>When they scale horizontally across thousands of commodity machines, then knowledge of their problem domain becomes encoded in the scaling decisions they make and stays internal to the company.
Or to put it another way: "they create a massive maintenance nightmare for themselves like the one described in the article".
>When they scale vertically by buying bigger hardware, then they are trading profits in exchange for having someone else worry about the difficulties of building really big, fast supercomputers.
You are overestimating the cost of high end servers, or underestimating the cost of low end ones. Again, their existing redis cluster is less RAM, CPU power, and IO throughput than a single, relatively cheap server right now.
>Instead of having a proprietary competitive advantage, they are now the commodity application provider
Twitter is a commodity application provider. People don't use twitter because of how twitter made a mess of their back end. People don't care at all about the back end, it doesn't matter at all how they architect things from the users perspective.
>while if their server vendor wants to raise prices, it has them by the balls since the whole business is built on their architecture.
What do you think servers are?
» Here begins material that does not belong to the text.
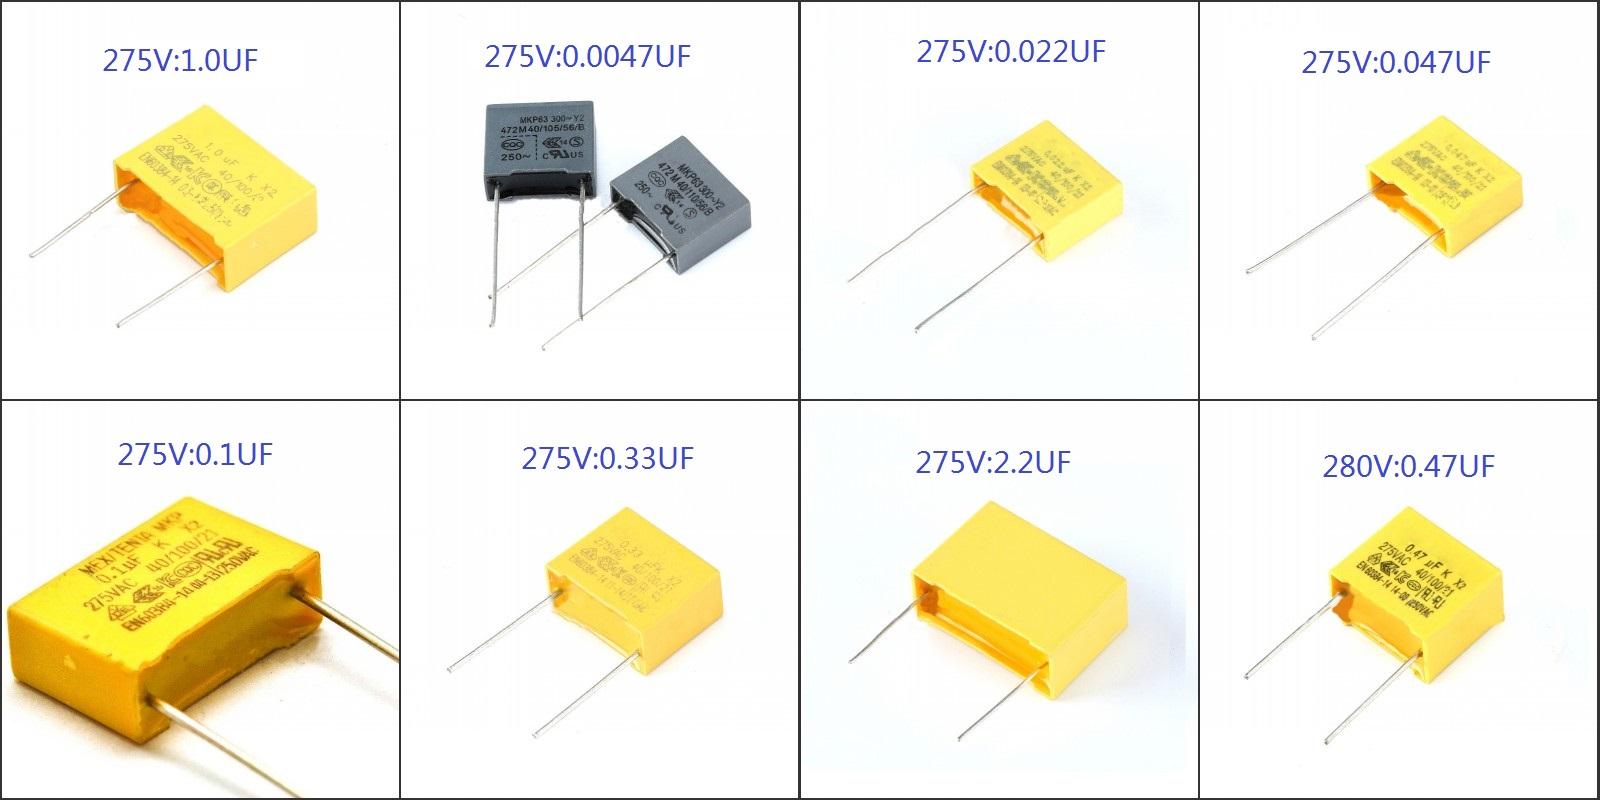 0.047uF 47nF XRY GPF Safety Suppression Capacitors MPX//MKP X2 275VAC
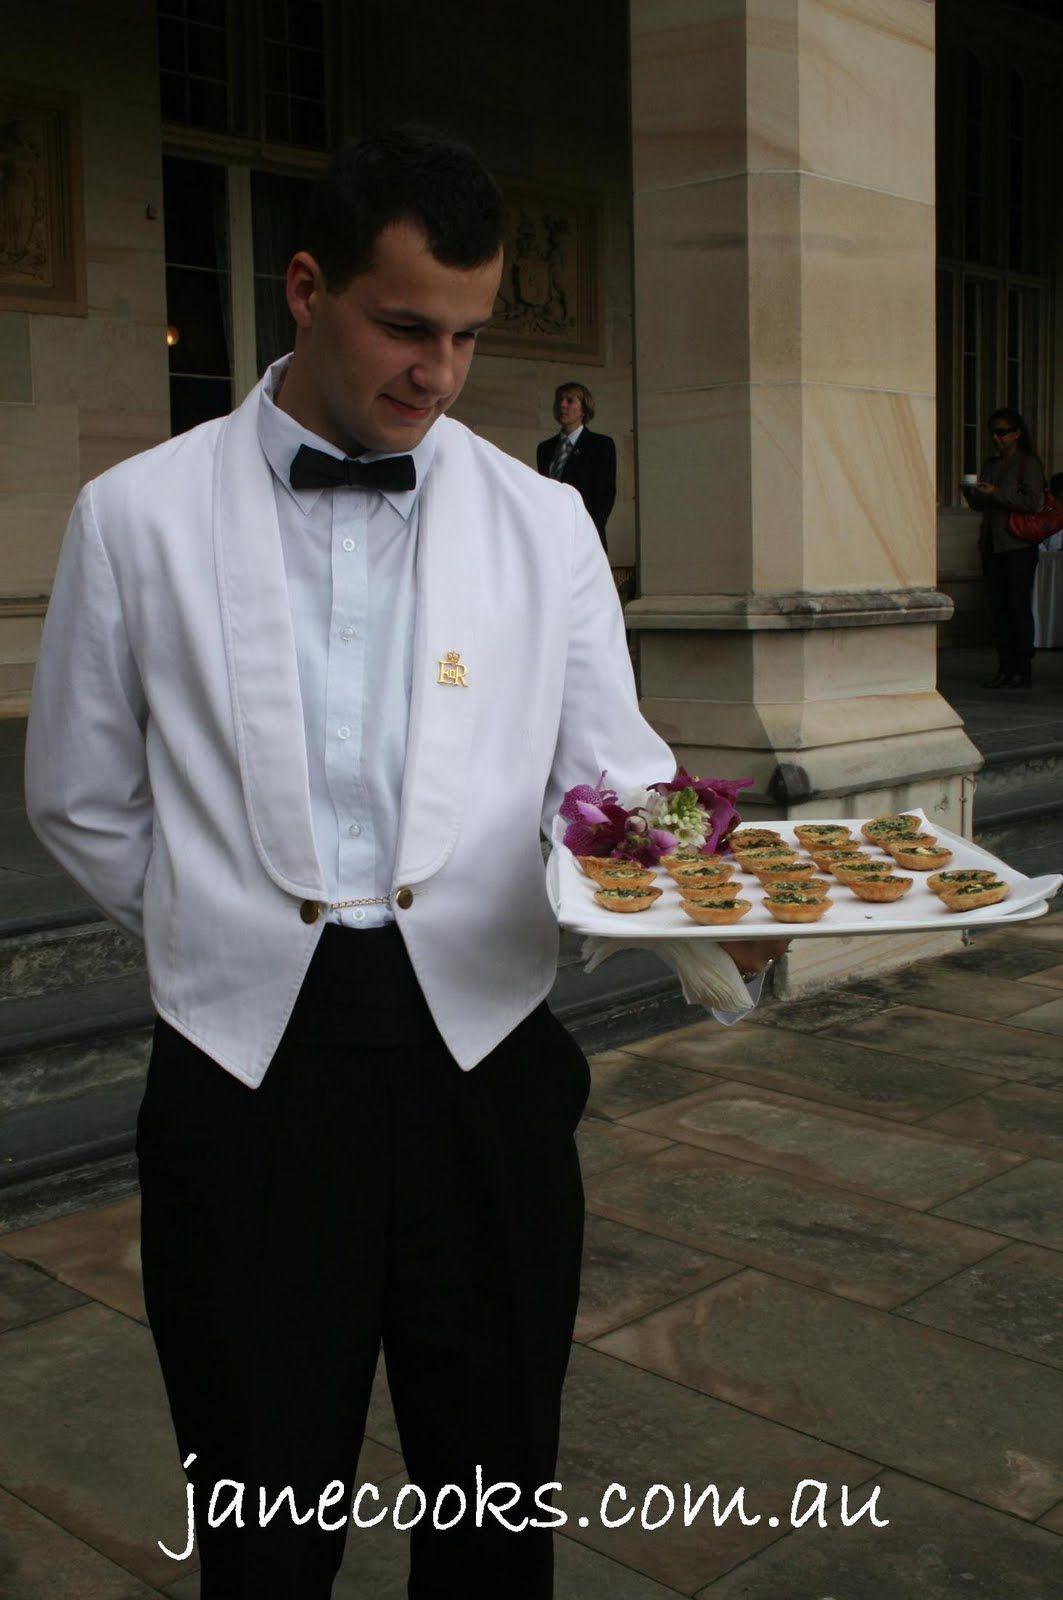 Fine Dining Restaurant Uniforms

They aren't some magical dungeon that traps people who buy them. If oracle wants to fuck you, go talk to IBM. If IBM wants to fuck you, go talk to fujitsu, etc, etc.
When two of your two servers die, you ... um, well, you lose money and reputation. Quickly.
- Servers that phone home; sometimes the first you know of a potential problem is engineers at your door come to service your server.
- Hot swappable RAID'ed RAM.
- Hot swappable CPU's, with spares, and OS support for moving threads of CPU's that are showing risk factors for failure.
- Hot swappable storage where not just the disks are hot swappable, but whole disk bays, and even trays of hot swappable RAID controllers etc.
- Redundant fibre channel connections to those raid controllers from the rest of the system.
- Redundant network interfaces and power supplies (of course, even relatively entry level servers offers that these days).
In reality, once you go truly high end, you're talking about multiple racks full of kit that effectively does a lot of the redundancy we tend to try to engineer into software solutions either at the hardware level, or abstracted from you in software layers your application won't normally see (e.g. a typical high end IBM system will set aside a substantial percentage of CPU's as spares and/or for various offload and management purposes; IBM's "classic" "Shark" storage system used two highly redundant AIX servers as "just" storage controllers hidden behind SCSI or Fibre Channel interfaces, for example).
You don't get some server where a single component failure somewhere takes it down. Some of these vendors have decades of designing out single points of failure in their high end equipment.
Some of these systems have enough redundancy that you could probably fire a shotgun into a rack and still have decent odds that the server survives with "just" reduced capacity until your manufacturers engineers show up and asks you awkward questions about what you were up to.
In general you're better off looking at many of those systems as highly integrated clusters rather than individual servers, though some fairly high end systems actually offer "single system image" clustering (that is, your monster of a machine will still look like a single server from the application point of view even in the cases where the hardware looks more like a cluster, though it may have some unusual characteristics such as different access speeds to different parts of memory).